§ **Problem to solve**: Please write out the listing exactly, leaving each picture out.

§ **Data below**:
********************

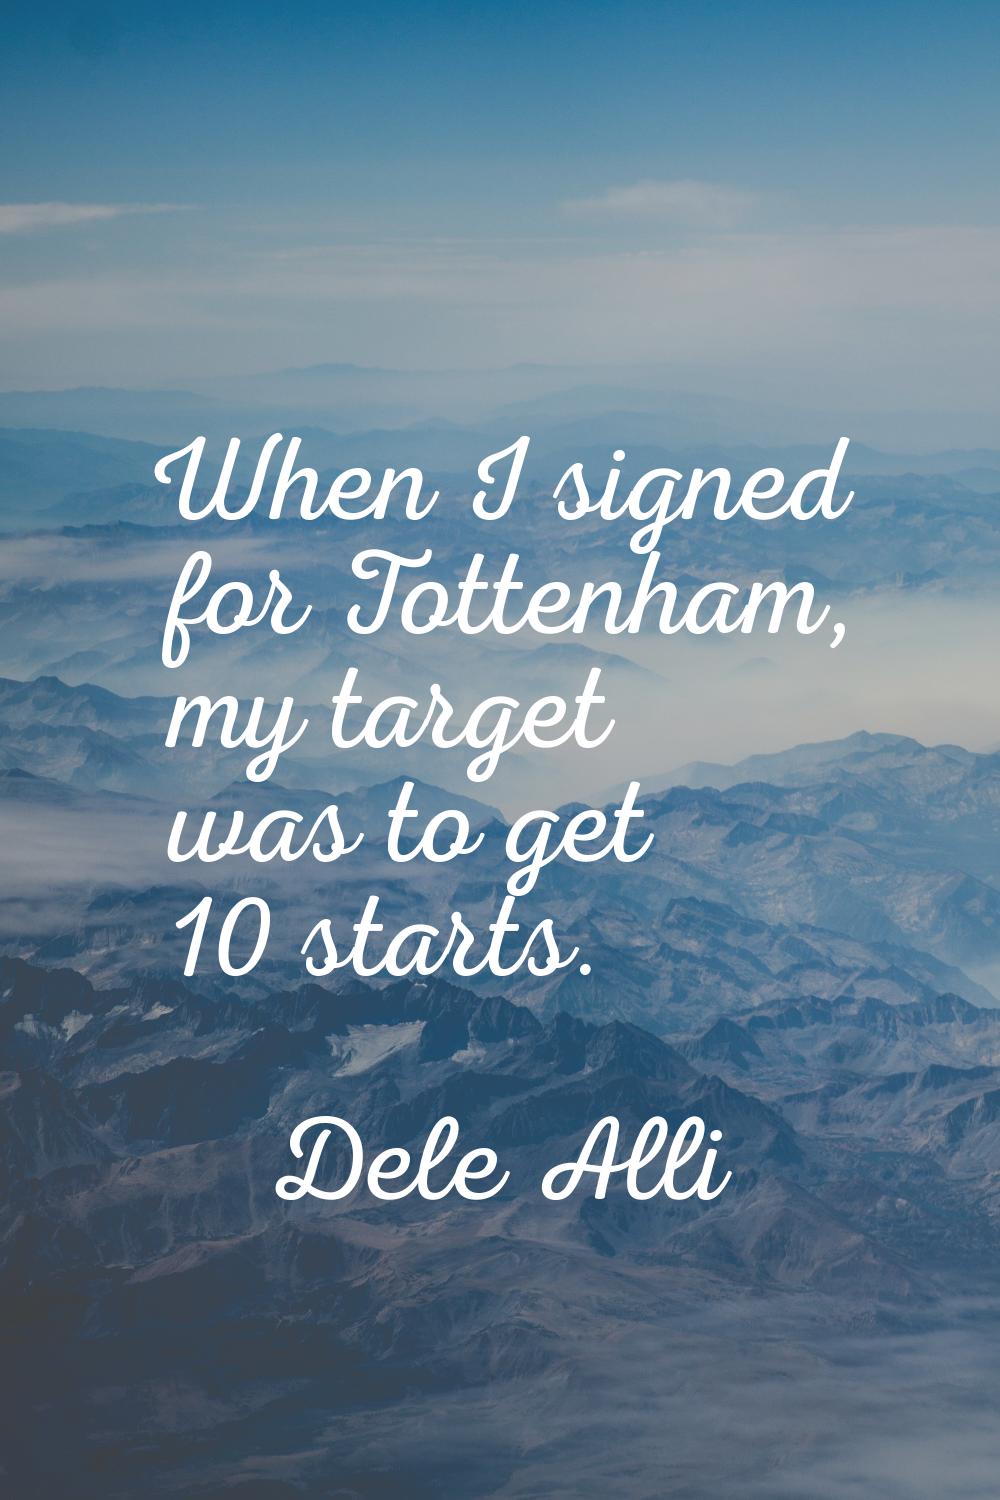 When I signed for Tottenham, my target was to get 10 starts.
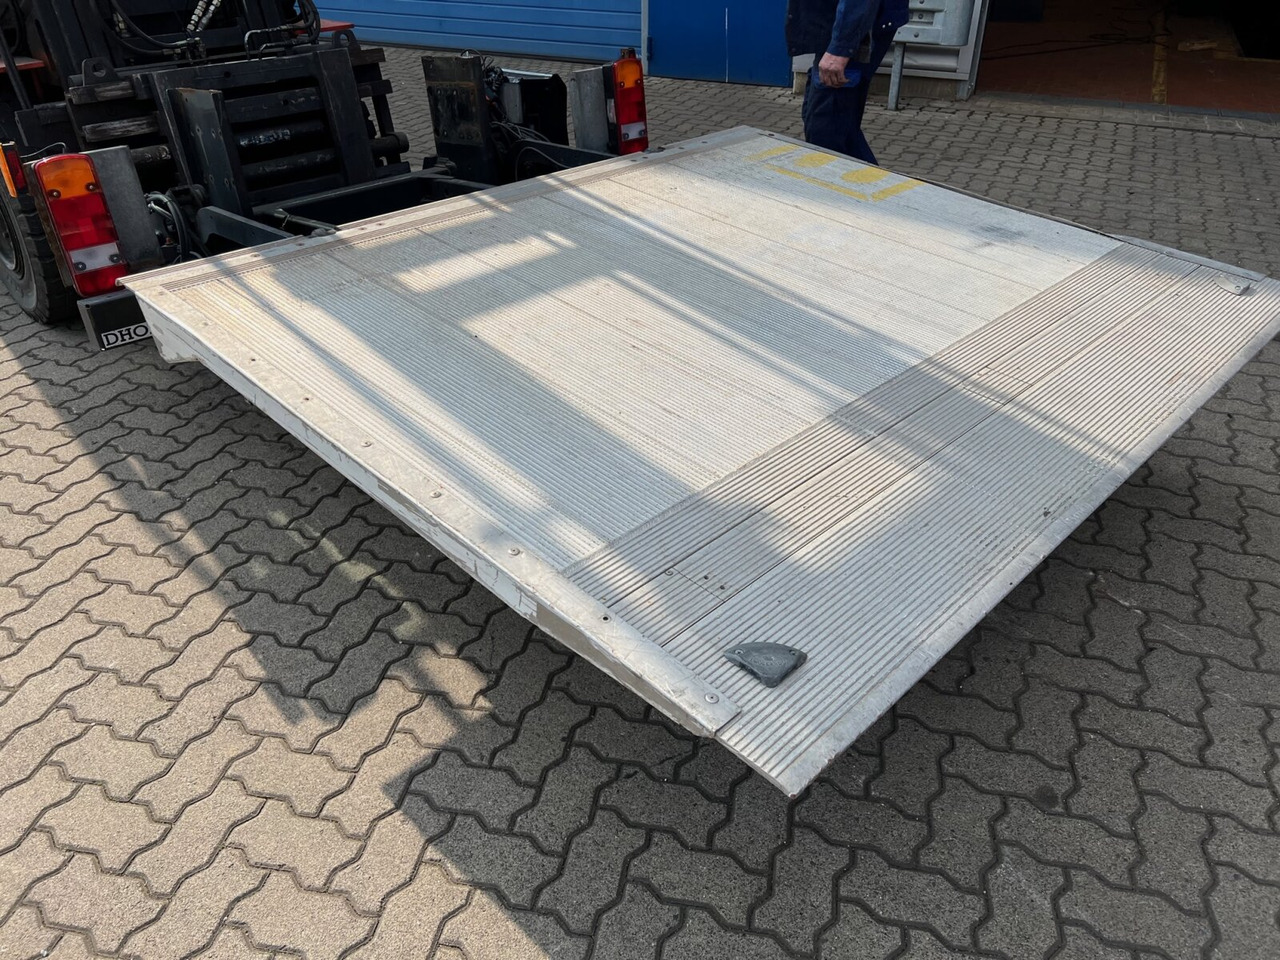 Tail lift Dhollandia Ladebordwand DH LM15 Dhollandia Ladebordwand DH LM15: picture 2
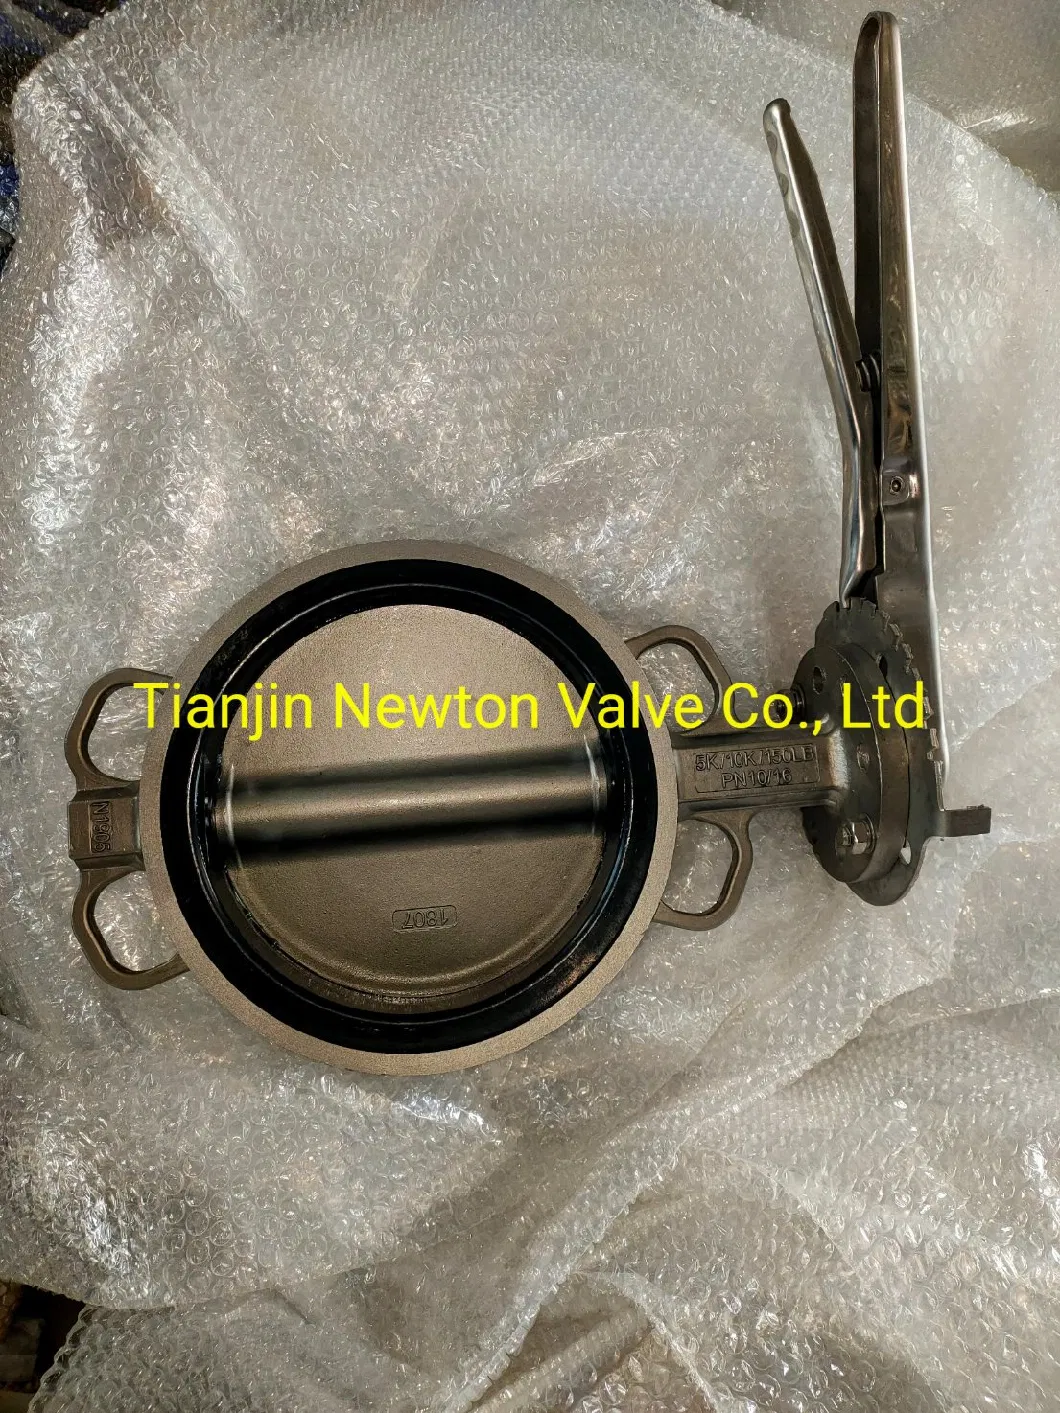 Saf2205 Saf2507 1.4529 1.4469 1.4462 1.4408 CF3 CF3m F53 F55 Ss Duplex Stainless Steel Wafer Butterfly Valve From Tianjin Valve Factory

********************

§ **Exercise response**:
 When I signed for Tottenham, my target was to get 10 starts.
 Tail lift Dhollandia Ladebordwand DH LM15 Dhollandia Ladebordwand DH LM15: picture 2
 Saf2205 Saf2507 1.4529 1.4469 1.4462 1.4408 CF3 CF3m F53 F55 Ss Duplex Stainless Steel Wafer Butterfly Valve From Tianjin Valve Factory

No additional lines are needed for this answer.